Nato ad Oschiri nel 1939, Cherchi ha studiato a Cagliari formandosi in particolar modo con due luminari dell’accademia di allora: l’antropologo Ernesto De Martino, autore di capolavori come “Sud e Magia” e “La terra del rimorso”, e il grande storico dell’arte Corrado Maltese. 

Sono i primi anni Sessanta, un periodo storico felice per la facoltà di Lettere e Filosofia dell’Università di Cagliari, che brilla di luce propria con la presenza di docenti come Giovanni Lilliu, Aldo Capitini, Antonio Sanna, Vincenzo Ussani, Giuseppe Petronio. Una congettura ricca di spunti nella quale Cherchi si ritrova immerso. De Martino e Maltese favoriscono in lui il germoglio delle sue più grandi passioni: da una parte l’antropologia culturale, dall’altra le arti figurative. Rami di ricerca che hanno marcato un percorso intellettuale articolato, con posizioni originali e mai uniformi al pensiero convenzionale. 

A caratterizzare il pensiero dell’autore oschirese sono stati soprattutto i suoi studi sull’opera di De Martino, con una lettura multidisciplinare, ibridata da più indagini culturali e condotta nella direzione di un’analisi, tanto soggettiva quanto collettiva, sulla complessità dell’identità sarda. Come se l’ottica dell’antropologo napoletano rappresentasse per lui una forma di autocoscienza.  E, a ben guardare, anche l’ultima opera di Cherchi “Per un’identità critica. Alcune incursioni autoanalitiche nel mondo identitario dei sardi”, ricompone per certi aspetti il filone demartiniano dell’etnocentrismo critico.  E cioè a dire: se è vero che la condizione etnocentrica è l’hic et nunc del sardo, ovvero un dedalo di sedimentazioni storiche e linguistiche, è altrettanto vero che è proprio in questa complessità che il sardo può riconoscersi e identificarsi. 

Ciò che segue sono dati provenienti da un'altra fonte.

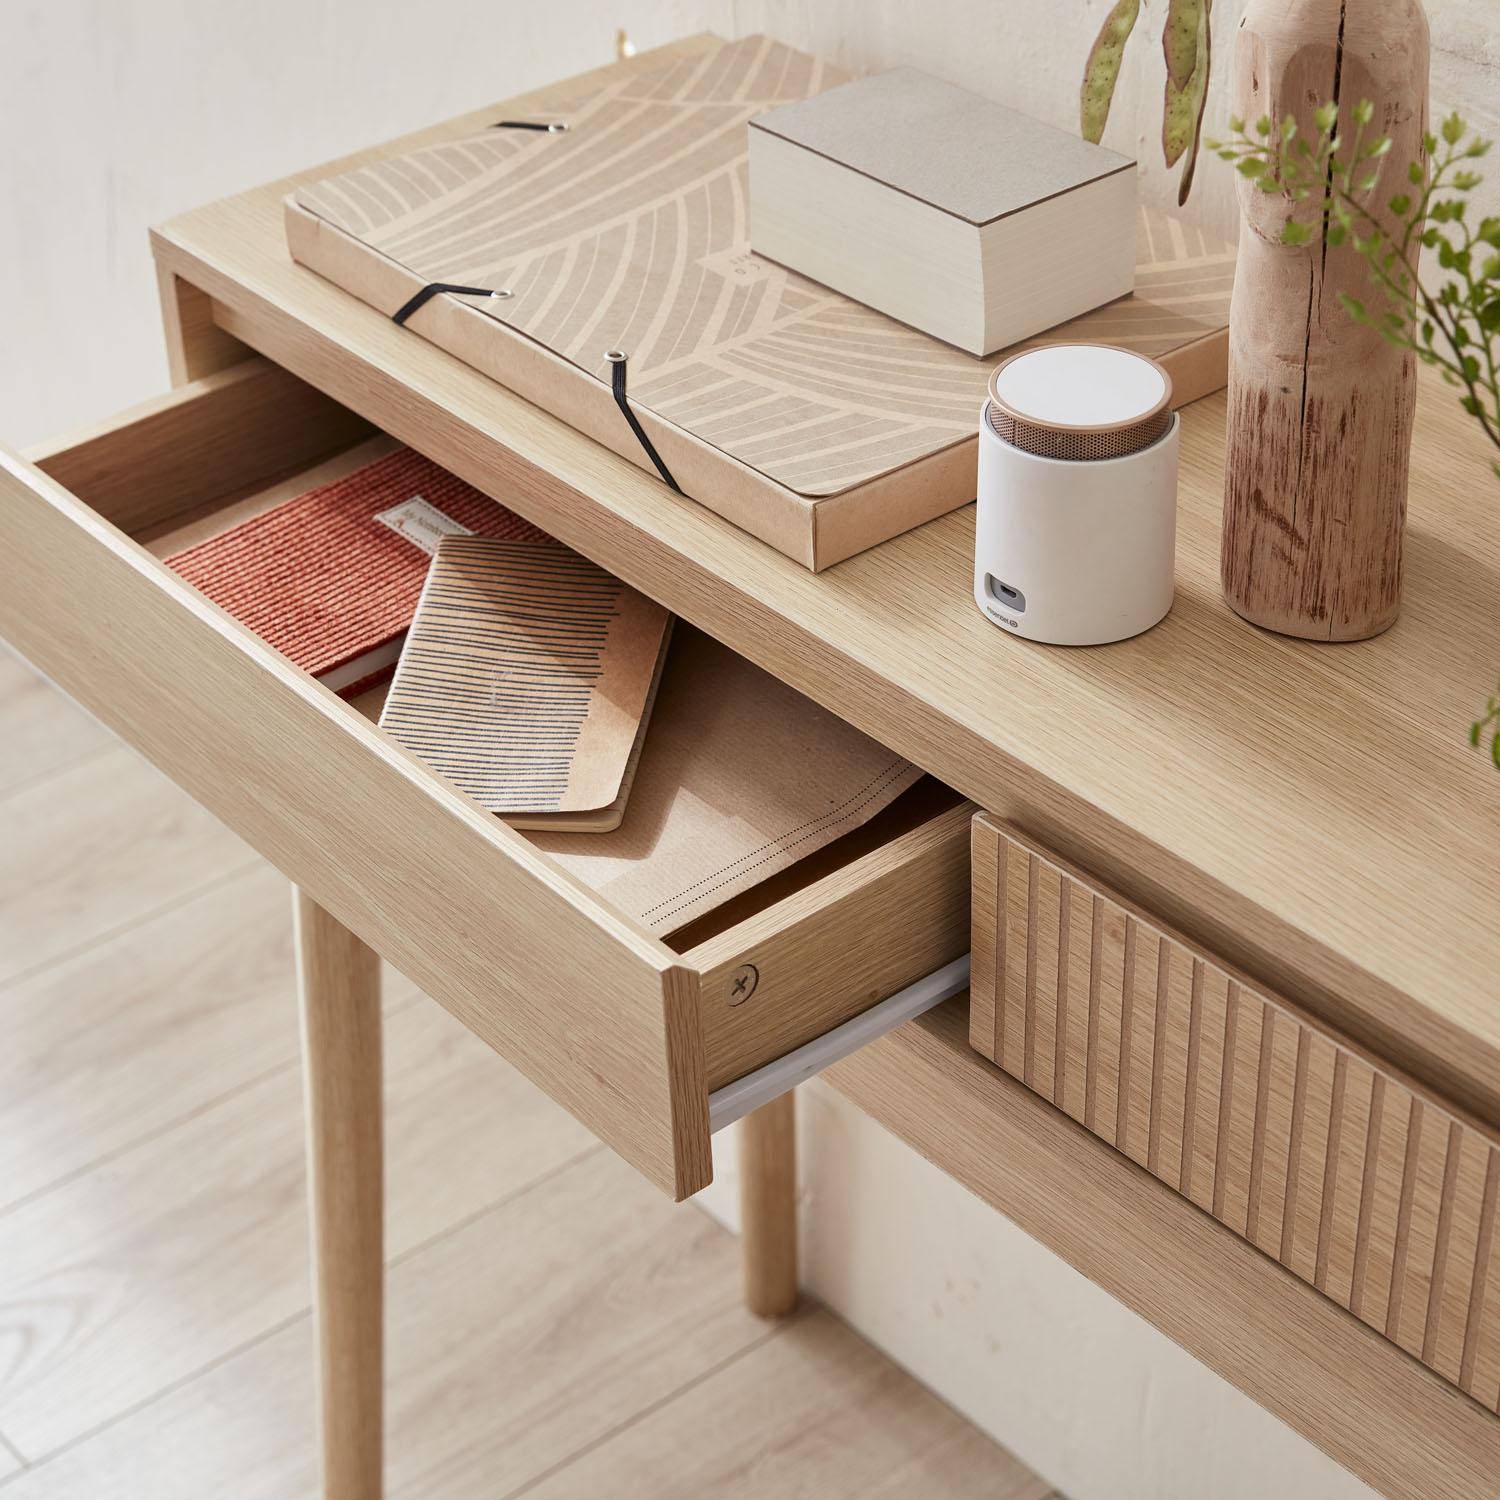 Grooved wood detail console table, 100x30x75cm, Linear, Natural wood colour,sweeek,Photo2

Cherchi parla del cosiddetto “fungudu”, ovvero la “profondità oscura” dei sardi, l’essere pluristratificati, sempre problematici, esitanti e dilemmatici, diffidenti rispetto a ciò che immediatamente appare, convinti che la realtà vera sia sempre oltre ciò che si vede.  Quasi a dire che, fin nella sua espressione linguistica e grammaticale, il sardo sia un soggetto del possibile non del certo, dell’ipotetico e non del definito.
Elemento centrale di questa visione è il silenzio, quello espressivo o quello tout-court. Il silenzio come metafora del non detto, quasi una via di mezzo tra l’invisibile e il visibile, tra l’assenza di parola e la materia viva dell’assenza. Una polarità, questa, fatta di percepibile e impercepibile, che si riflette nella coscienza dei sardi creando una vera e propria scissione identitaria. “È come se ci trovassimo inadeguati e sperduti nell’orizzonte del tempo. Quasi che il nostro essere nel mondo si avvertisse espropriato della sua forma più vera, e avesse dentro di sé il tormento nostalgico di un altrove perduto”.

Quella di Cherchi è una riflessione filosofica e linguistica cadenzata da narrazioni affascinanti e da un linguaggio complesso, sempre originale, che plasma la sua carica comunicativa e la sua postura analitica.  

Negli anni, l’intellettuale oschirese, ha partecipato attivamente alle iniziative della Scuola antropologica di Cagliari, ha insegnato filosofia nei licei e Storia dell’arte presso l’Università degli studi di Sassari. Ma soprattutto è stato autore di una vasta produzione saggistica. Tra le sue opere si segnalano Paul Klee teorico (De Donato, 1978); Mito e pittura in Giovanni Nonnis (Alfa Editrice, 1980); Sciola. Percorsi materici (Stef, 1982); Ernesto De Martino (Liguori, 1987); Nivola (Ilisso, 1990); Il signore del limite. Tre variazioni critiche su Ernesto De Martino (Liguori, 1994); Il peso dell’ombra. L’etnocentrismo critico di Ernesto De Martino (Liguori, 1997); Etnos e apocalisse (Zonza, 1999); Il recupero del significato (Zonza, 2001); Italo Medda: esercizi di ammirazione (Zonza, 2004); Crais. Su alcune pieghe profonde dell’identità (Zonza, 2006); Il cerchio e l’ellisse. Etnopsichiatria e antropologia religiosa in Ernesto De Martino (Aìsara, 2010); Per un’identità

critica. Alcune incursioni autoanalitiche nel mondo identitario dei sardi (2013). 

Morto a Cagliari nel settembre del 2013, Cherchi ci ha lasciato in eredità non soltanto una delle visioni più alte e profonde dell’identità sarda (per molti aspetti unica nel suo sviluppo e unica nella sua tesi), ma anche la bellezza della complessità come esercizio di interpretazione del mondo.